Omit all pictures. Quote only the lines from the one with "Crie conteúdos significativos" through the end of the material below.

## [Data shown]

>>>>>

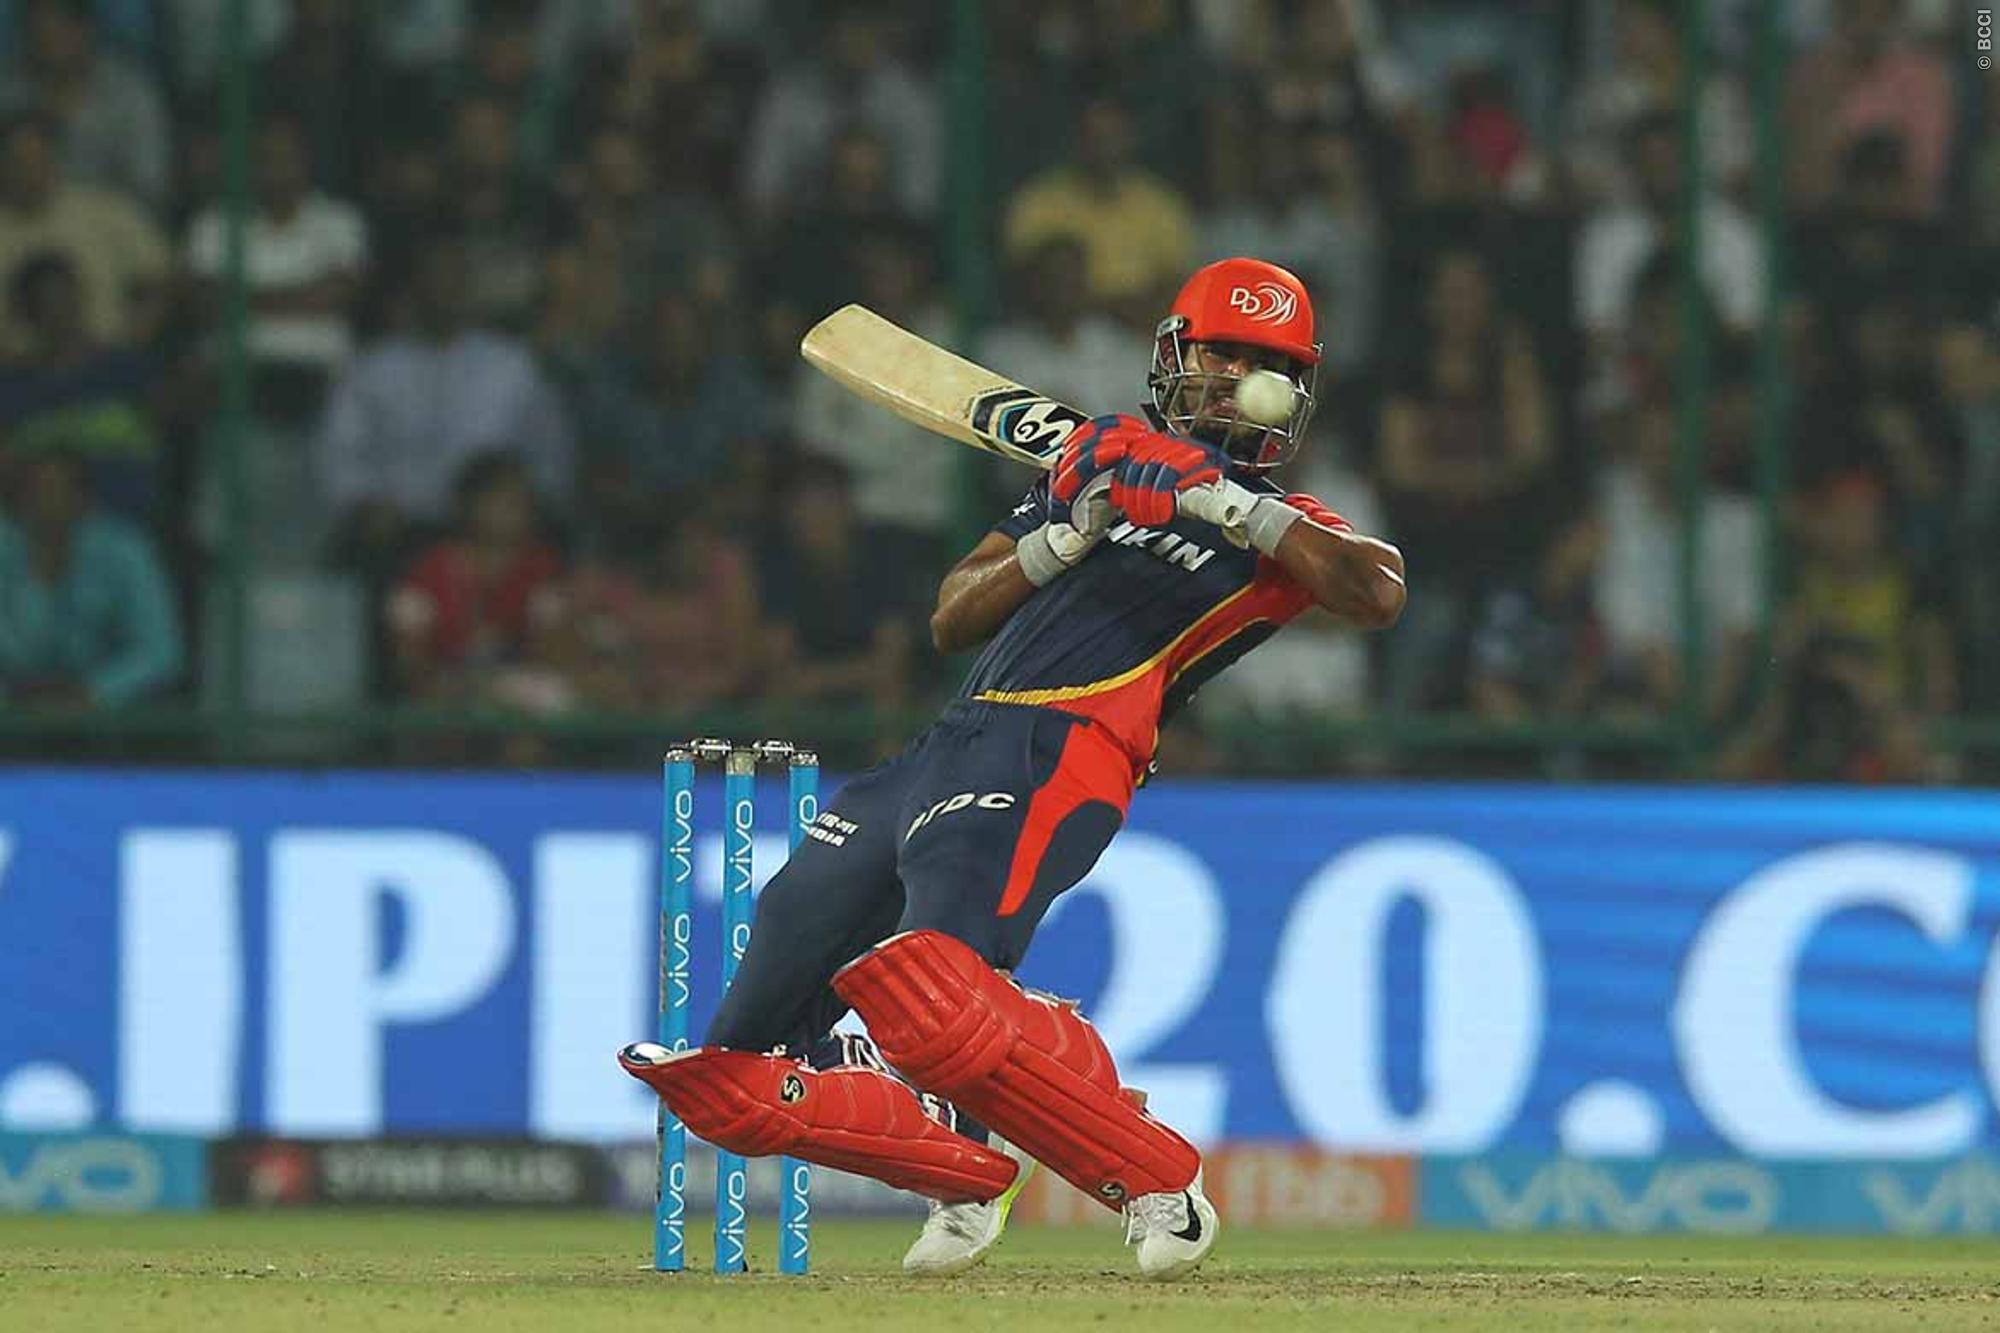 किसने क्या कहा: क्रिकेट दिग्गज से लेकर बॉलीवुड हुआ दिल्ली की जीत से खुश, कोलकाता का मजाक बनाते हुए आये ऐसे कमेन्ट देख हंसी नहीं रोक पायेंगे आप 15
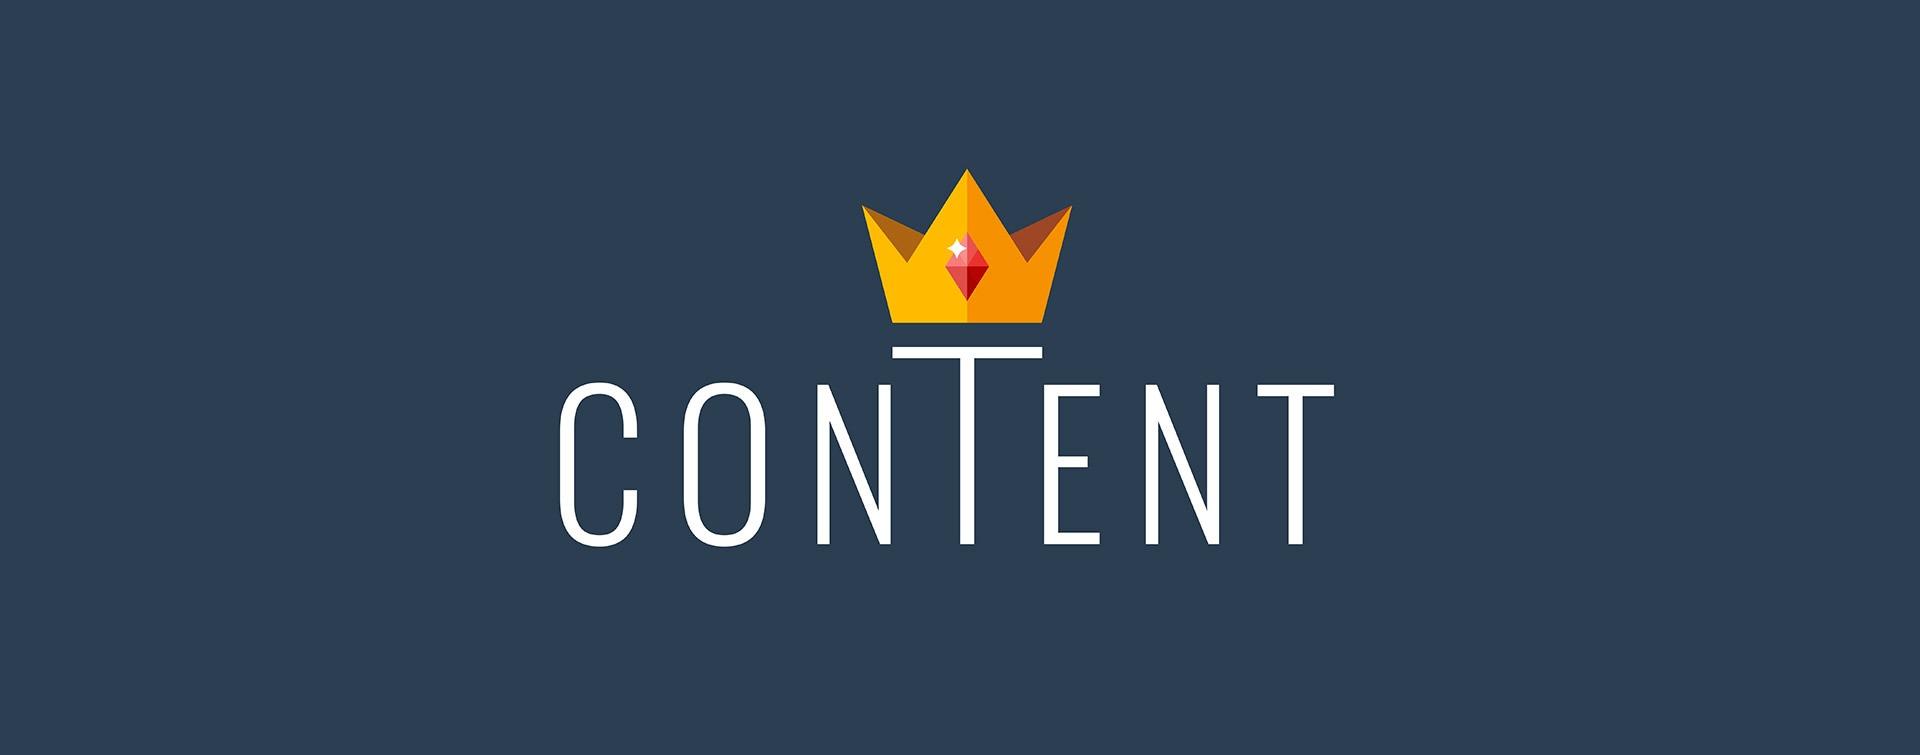 Crie conteúdos significativos e compartilháveis
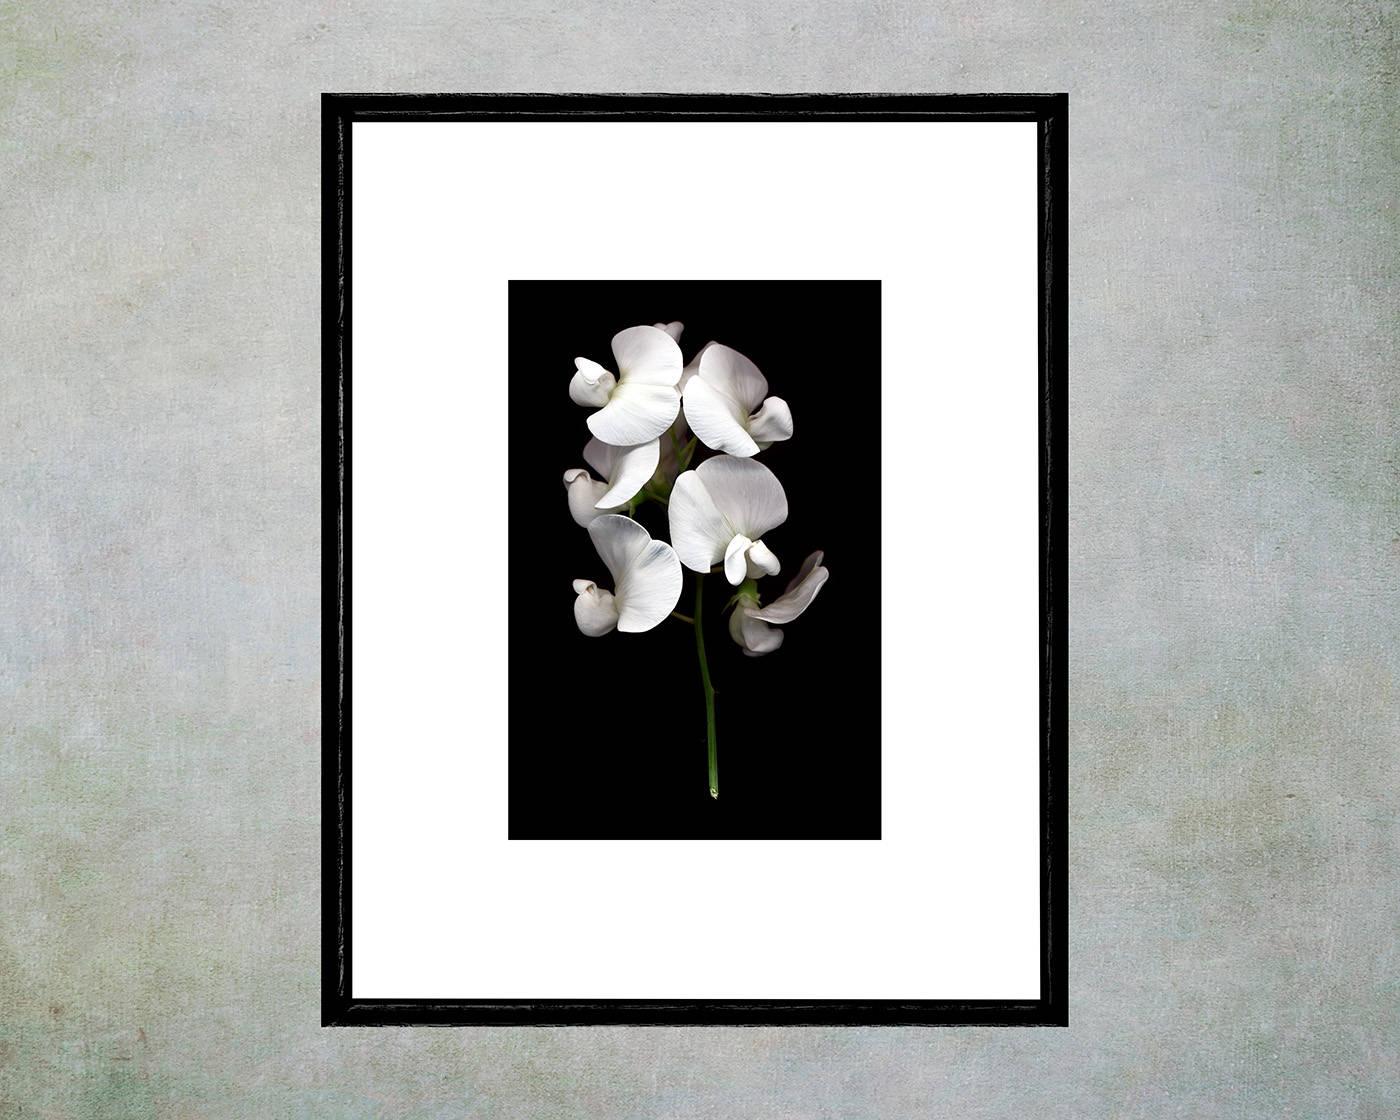 White Sweet Pea Flower Poster Art Large Printable Fine Art Etsy

<<<<<

## [Solution to this task]
 Crie conteúdos significativos e compartilháveis
 White Sweet Pea Flower Poster Art Large Printable Fine Art Etsy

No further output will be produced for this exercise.